For the seventh season, the Farmington Warming Center is meeting from 10 a.m. to 2 p.m. on Tuesdays at the church on Academy Street through Feb. 11. After that it will move to St. Joseph’s Parish for Tuesdays from Feb. 18 to March 25.

On Thursdays, the Warming Center is held at the Old South Congregational Church on Main Street until Feb. 27. 

“Many come for the puzzles and cribbage teams,” Anne Storey of Wilton, a Henderson Memorial kitchen volunteer, said. “It’s an outing for the day.”

All the food, which includes soup, bread and dessert, is donated by people throughout Franklin County, Storey said. She organizes the donations.

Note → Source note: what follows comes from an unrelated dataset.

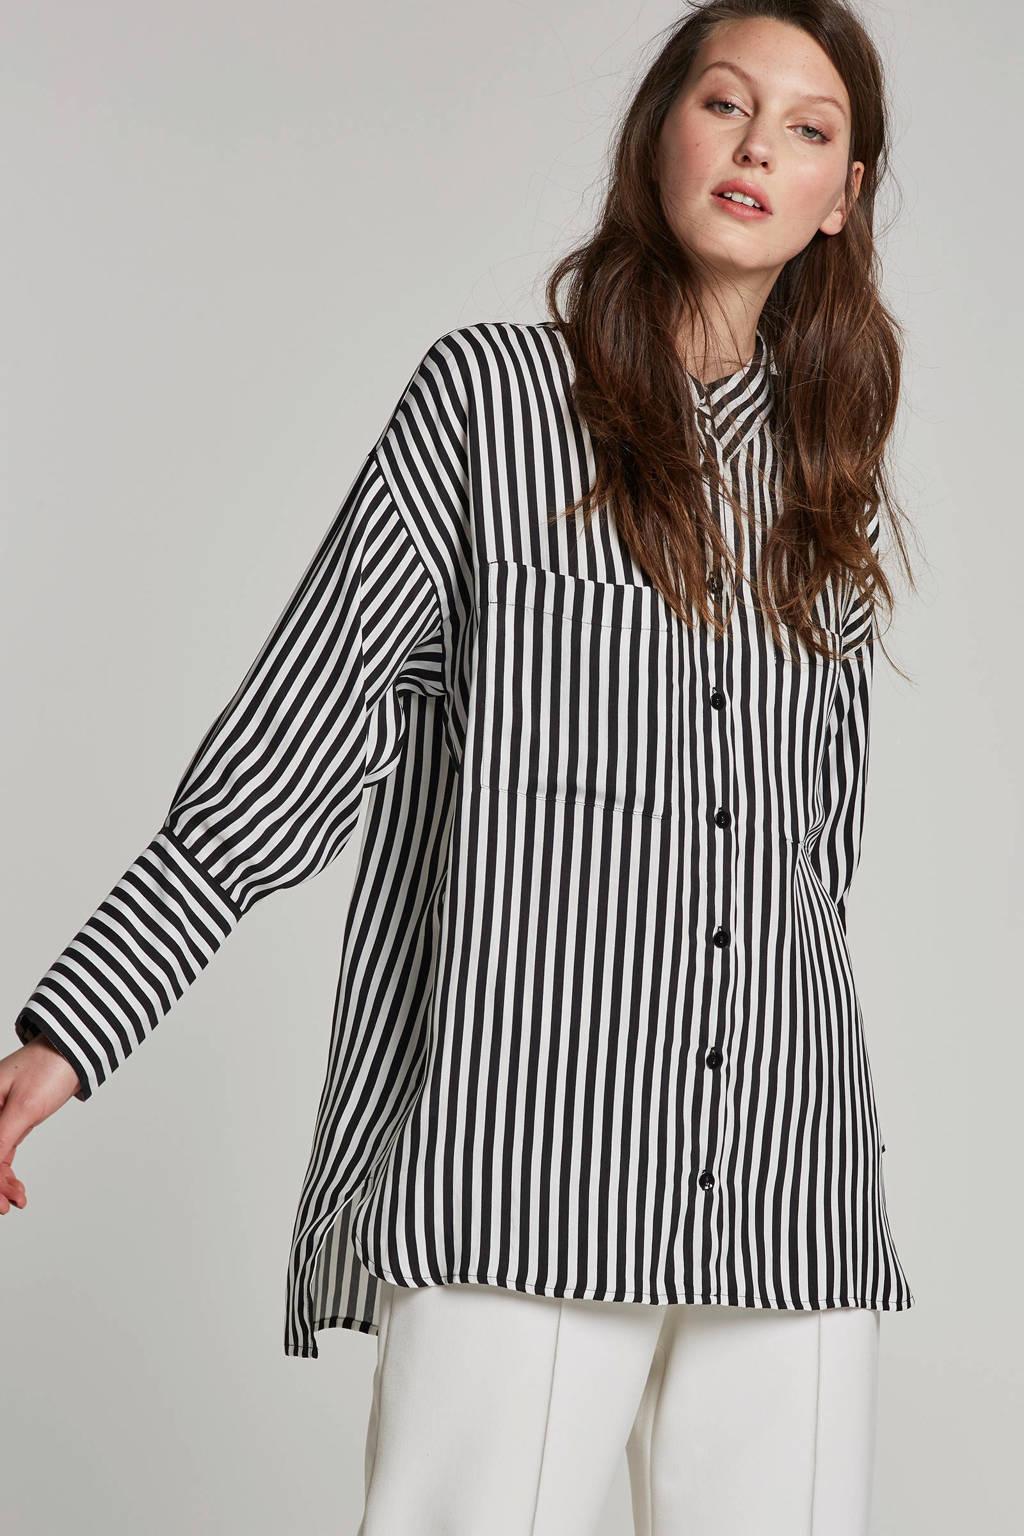 Summum Woman gestreepte oversize blouse, Zwart/wit

The donations feed around 35 people for free.

The day starts at 10 a.m. with coffee and muffins, she said. Participants visit, do puzzles or play cribbage. Many come closer to the meal time, she said.

Jo Bizier of Livermore and Becky Jasch of Farmington were making other preparations for the meal.

About 11:45 a.m., participants gather for a story and prayer before the meal. The story is from “His Mysterious Ways” and read by the Rev. Susan Crane, pastor of the church. The stories are not really religious but tell of God’s taking care of us in special ways, she said.

Crane was helping Judy Lagasse of Wilton find a new scarf and hat from among knit items donated by Janet Kennedy of Imelda’s in New Sharon. The items are there to share with Warming Center participants, Crane said.

Meanwhile chili, fish chowder and kale sausage soup simmered on the stove, with Ted Lefebvre of Strong and Wayne Holderried of New Sharon stirring it.

Each time he comes Lefebvre prepares a fish chowder while his wife, Bev, helps with puzzles and volunteers to clean up after the meal.

“The fish chowder has plenty of fish — haddock,” he said.

Last week there were six different soups, he said.

Leftovers were shared with those staying at the Western Maine Homeless Outreach shelter in Farmington, Crane said. Nothing is wasted, she added.